Ze lopen rechts en links tegelijk. De afzonderlijke fasen in detail:

  • Spanningsfase: wanneer het hart gevuld is met bloed, beginnen de spiercellen van de ventrikels samen te trekken en de druk in de hartholte te verhogen (isovolumetrisch werk), maar zonder samentrekking, aangezien alle hartkleppen zijn gesloten. De druk in het ventrikel is hoger dan in het atrium, daarom zijn de zeilkleppen gesloten.

    Ook bij de uitvoering schepen (rechts: pulmonaal slagader = truncus pulmonalis, links: aorta) de bloeddruk hoger is dan de druk in het ventrikel, daarom zijn de pocketkleppen ook gesloten.
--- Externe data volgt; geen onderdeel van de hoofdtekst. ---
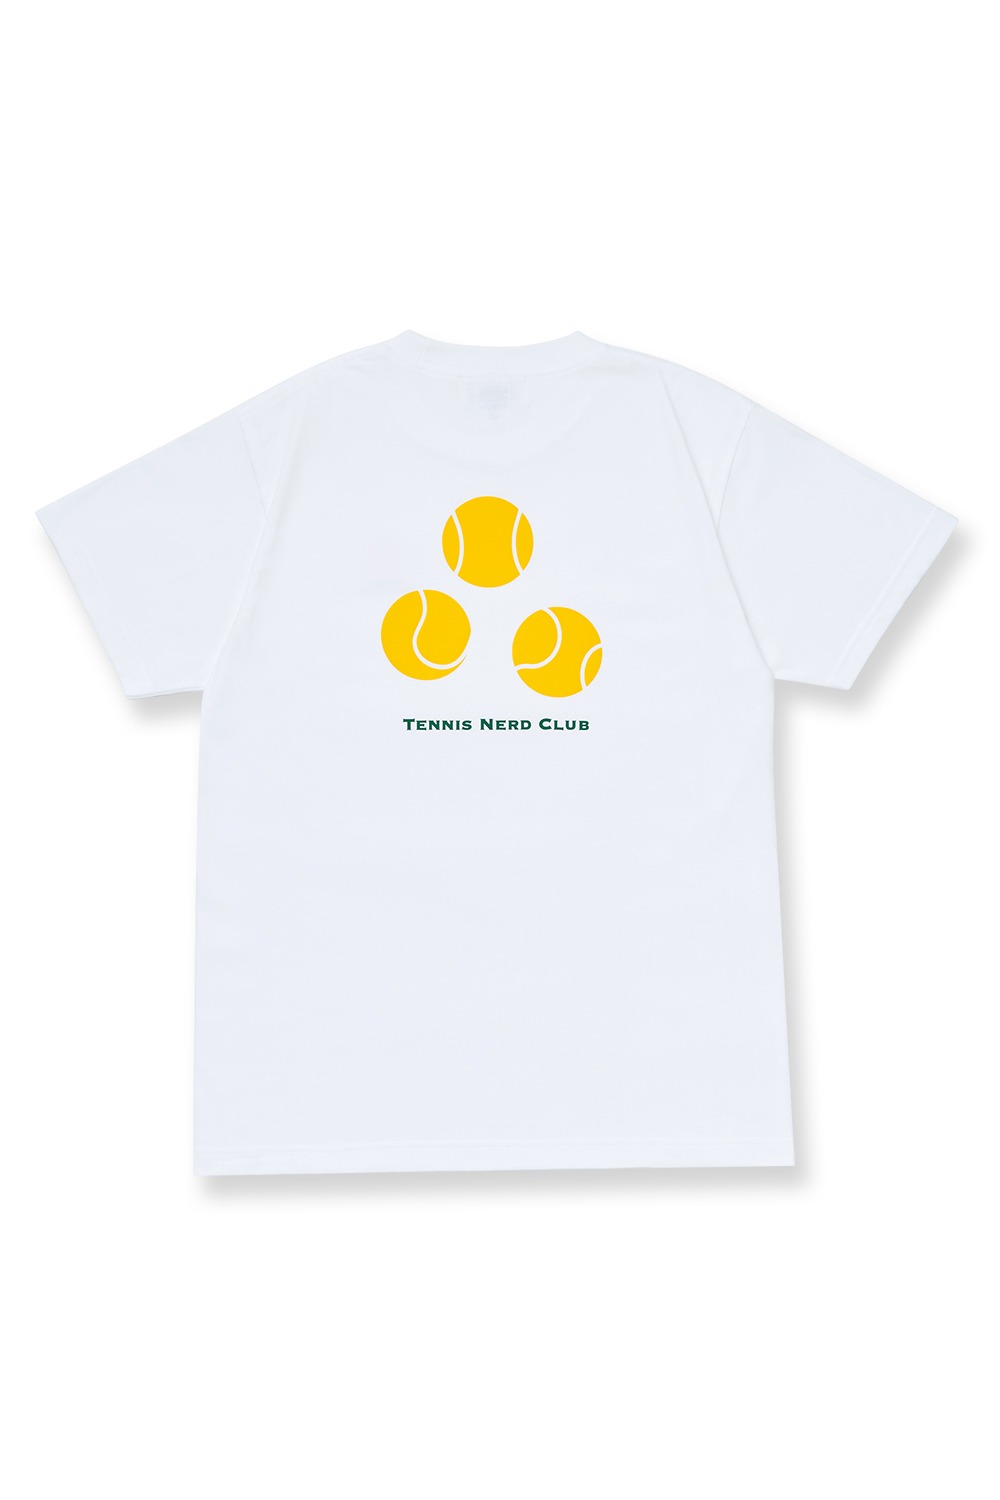 Tennis Nerd Club T-shirts (WHITE) RICHEZ

  • Uitdrijvingsfase: De kamerspieren verhogen constant de druk in de kamer (spannen) totdat deze de bloeddruk van de schepen het uitvoeren van de uitzetting. Op dit moment gaan de pocketkleppen open en stroomt het bloed vanuit de kamers naar de voorstelling schepen. De druk die nu heerst, wordt het systolisch genoemd bloeddruk (de hogere waarde bij het meten van de bloeddruk, ca.

    120 mmHg). Terwijl bloed uit de kamer wordt gespoten, neemt het volume en dus de druk af. Dit proces gaat door totdat de druk in de kamer onder de druk in de presterende vaten daalt (diastolische bloeddruk - de laagste van de twee gemeten waarden, ca.

    80 mmHg). Zodra dit punt is bereikt, worden de pocketkleppen weer passief gesloten (door de schijnbaar omkerende bloedstroom) en wordt de systole beëindigd. In totaal werd 60-70 ml uit het hart verdreven, wat overeenkomt met een ejectiefractie van 50-60% van het totale bloed in het ventrikel.

  • Ontspanning fase: Tijdens deze fase verslappen de hartspiercellen, waarbij alle hartkleppen zijn gesloten vanwege de drukverschillen naar het instroompad (atria) en het uitdrijfpad.
  • Vulfase: Door de gesloten zeilklep kon het bloed uit het atrium de kamer niet meer binnen, waardoor hier nu meer bloed is opgevangen.

    Zodra de druk in het atrium de druk van de (relatief lege) kamer overschrijdt, begint de vulfase en kan het bloed terug de kamer in stromen. Het vullen wordt vergemakkelijkt door de ontspanning van de kamerspieren. De kamer ontspant en keert terug naar zijn oorspronkelijke positie.

    Omdat het bloed in het hart niet meer van positie verandert, draaien de zeilkleppen nu letterlijk het bloed om dat zich eerder op de gesloten zeilkleppen verzamelde. Dit mechanisme wordt het klepniveaumechanisme genoemd en verklaart waarom na het eerste derde deel van de vulfase 3⁄4 van de kamervulling al bereikt is - en dus waarom men ook een verkorting van de vulfase kan accepteren zonder een groot verlies aan effectiviteit. Aan het einde van de vulfase is er een ondersteunende samentrekking van de atriale spieren om de resterende hoeveelheid bloed in de kamer te dwingen.